Dental coverage is a voluntary benefit, leaving far fewer residents with coverage compared to mandated medical insurance. Dental plans must then distribute costs among fewer policyholders. Yet dental plans have similar fixed administrative costs as medical plans, such as credentialing and monitoring fraud, waste, and abuse, Sullivan said.
"Dental insurers have fewer dollars and fewer policyholders to cover the administrative expenses," he said, "and thus these expenses comprise a larger portion of dental premiums than medical premiums."
Delta Dental, the state's largest insurer, has been relatively quiet, referring questions to a spokesperson. But they have also been a leader in voicing its opposition monetarily.
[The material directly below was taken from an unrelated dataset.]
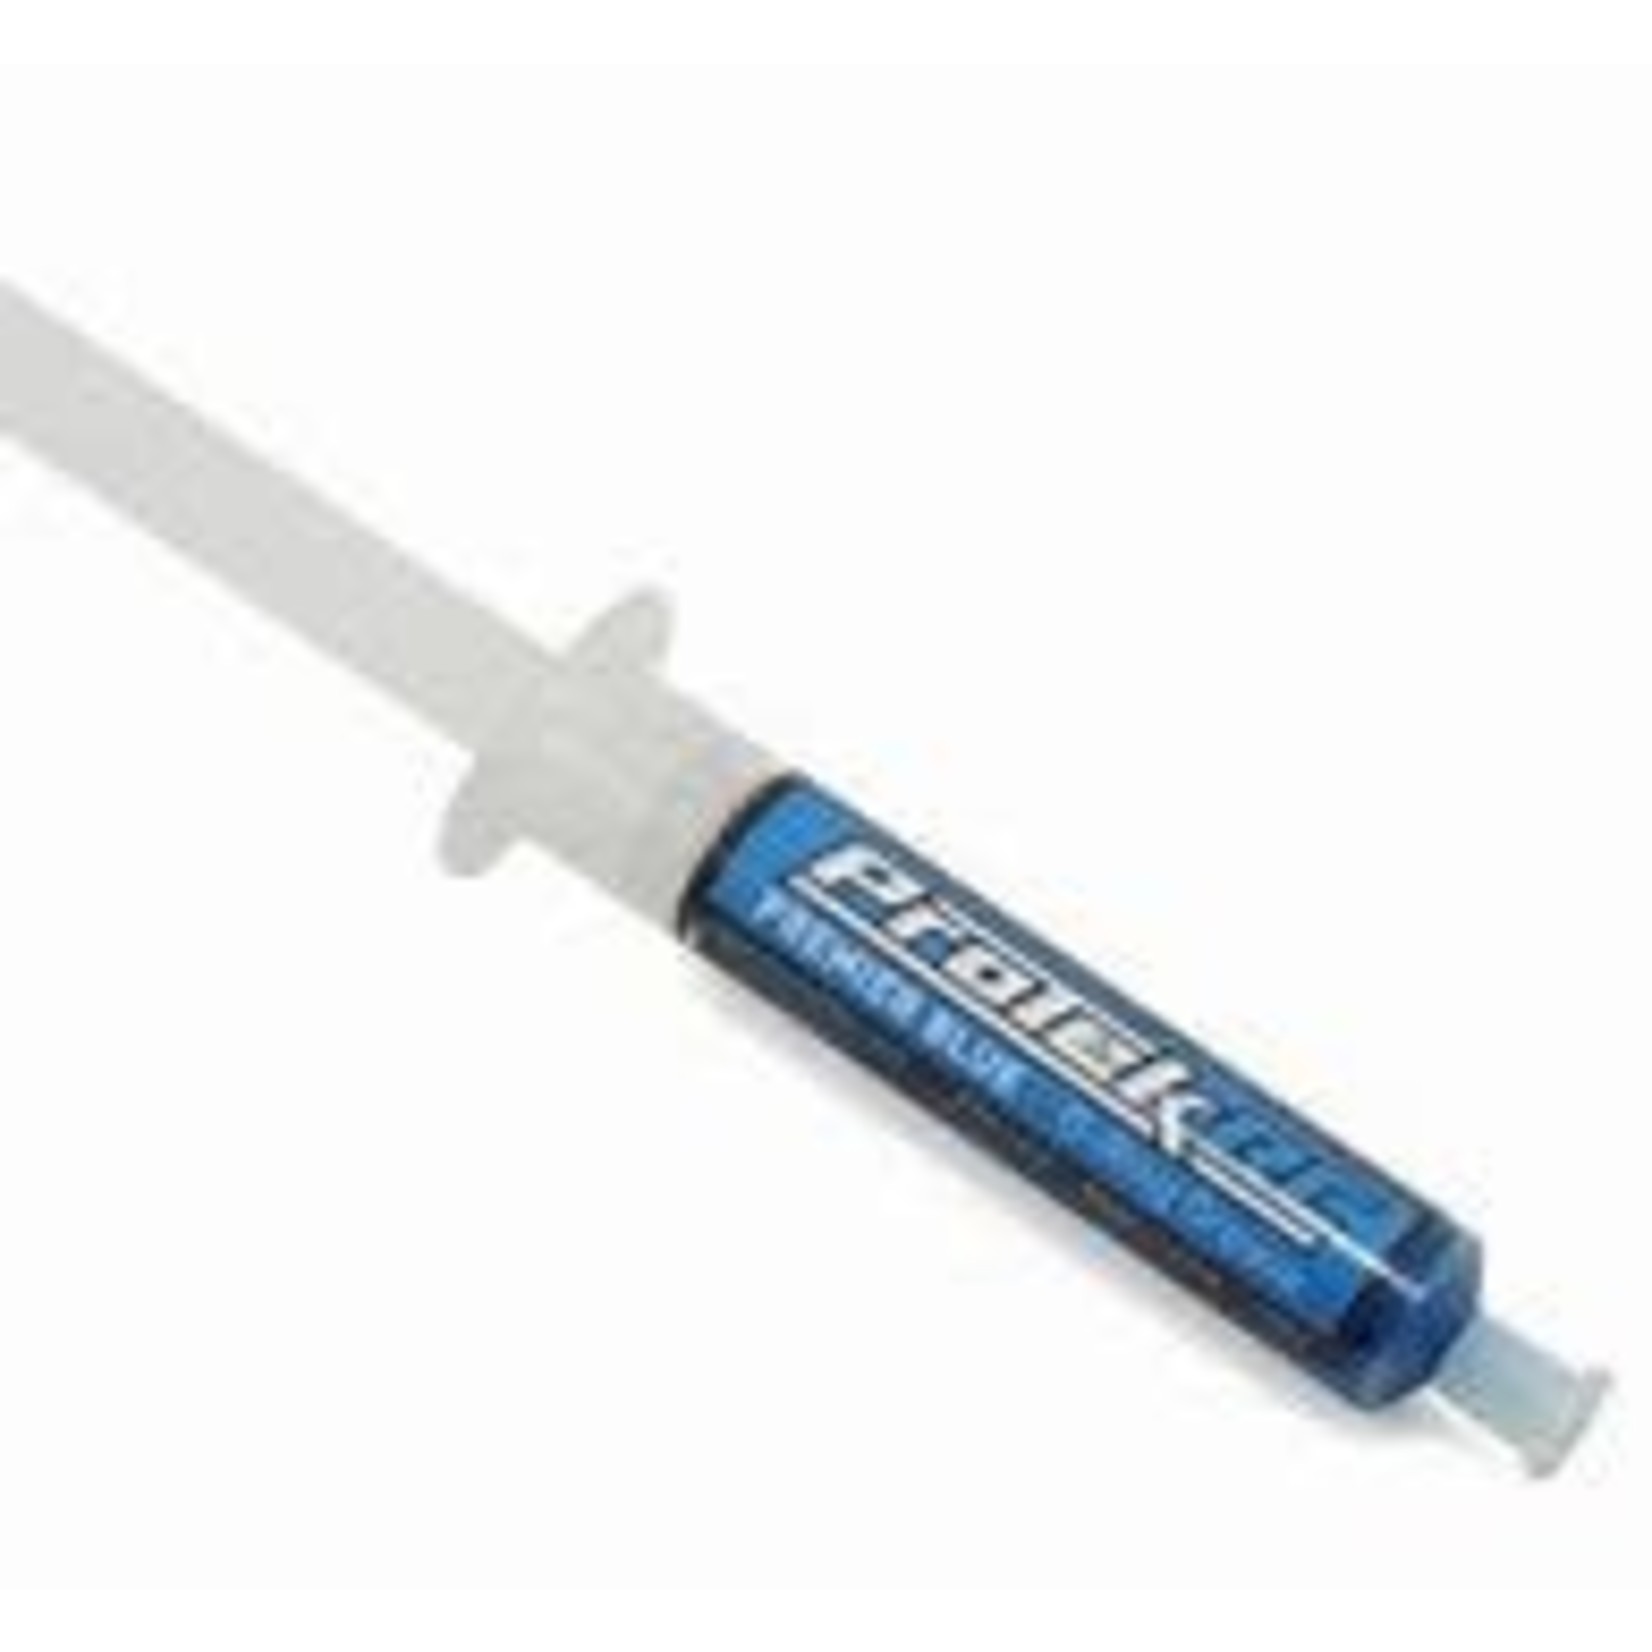 ProTek RC ProTek RC "Premier Blue" O-Ring Grease & Multipurpose Lubricant (10ml)

WBUR reported that, through Oct. 1, the company contributed the bulk of the cash, over $4 million, toward the effort, according to data from the Massachusetts Office of Campaign and Political Finance.
The Massachusetts Dental Society had contributed over $200,000 to the "Yes on 2" campaign, and the American Dental Association had pledged $5 million. Mouhab Rizkallah, the Somerville orthodontist, is the biggest individual donor, contributing over $2 million. Many dozens of donations have come from individual dentists, mostly of amounts in the low hundreds.